最后,不要忘记从 bash 配置文件中删除所有与 PySpark 相关的环境变量(只留下SPARK_HOME
应该没问题)。并确认,当您键入 时pyspark
,您会发现自己使用的是 PySpark shell,而不是 Jupyter 笔记本...
UPDATE(after comment): If you want to pass command-line arguments to PySpark, you should add the PYSPARK_SUBMIT_ARGS
setting under env
; for example, here is the last line of my respective kernel file for Spark 1.6.0, where we still had to use the external spark-csv package for reading CSV files:
更新(评论后):如果要将命令行参数传递给 PySpark,则应PYSPARK_SUBMIT_ARGS
在env
;下添加设置。例如,这是 Spark 1.6.0 各自内核文件的最后一行,我们仍然必须使用外部 spark-csv 包来读取 CSV 文件:
"PYSPARK_SUBMIT_ARGS": "--master local --packages com.databricks:spark-csv_2.10:1.4.0 pyspark-shell"
回答by matanster
After fiddling here a little, I just conda installed sparkmagic (after re-installing a newer version of Spark). I think that alone simply works.

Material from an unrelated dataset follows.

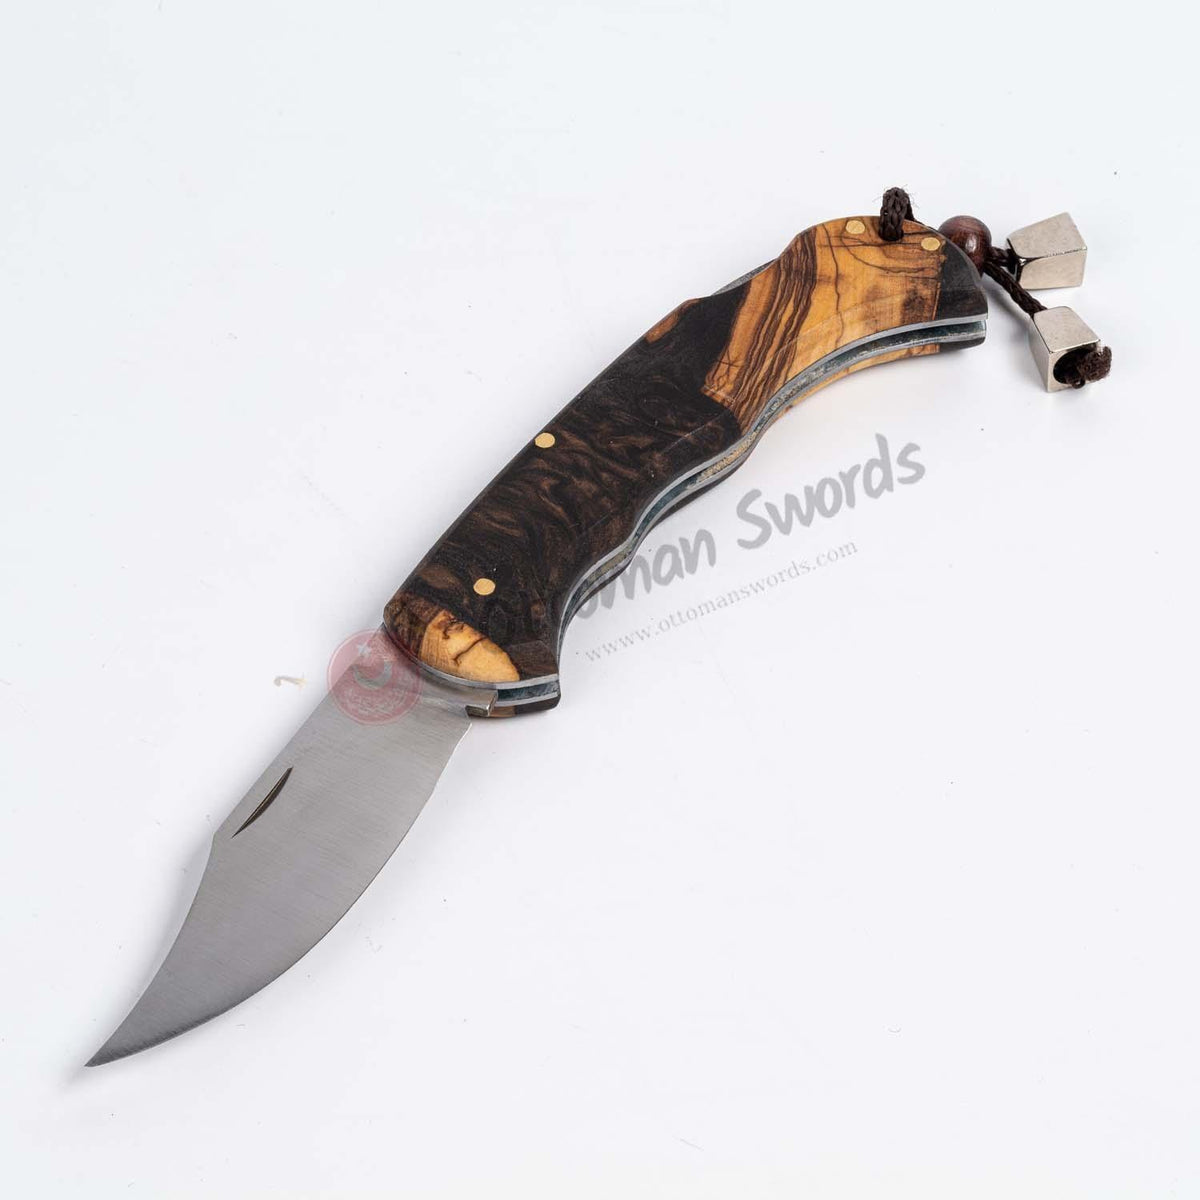 Olive-tree Handle LockBack Folding Knife 3.5 İnches Blade (1)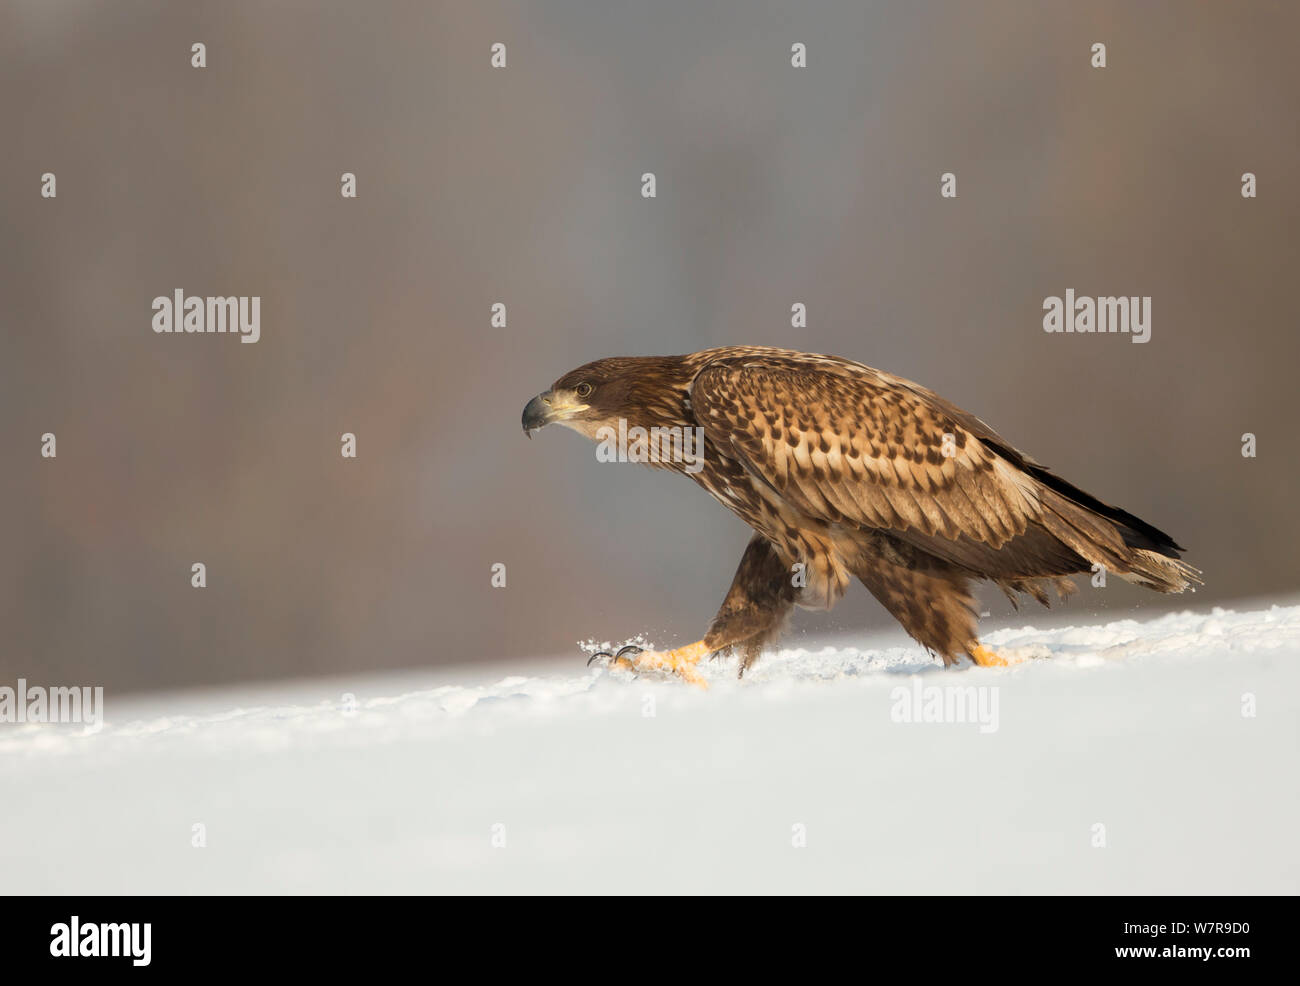 White-tailed eagle (Haliaeetus albicilla) in the snow, Poland, February. Stock Photo

在稍微摆弄一下之后,我只是 conda 安装了 sparkmagic(在重新安装了较新版本的 Spark 之后)。我认为只有这样才有效。
I am not sure as I've fiddled a little before that, but I am placing this as a tentative answer as it is much simpler than fiddling configuration files by hand.
我不确定,因为我之前已经摆弄过一点,但我把它作为一个试探性的答案,因为它比手动摆弄配置文件要简单得多。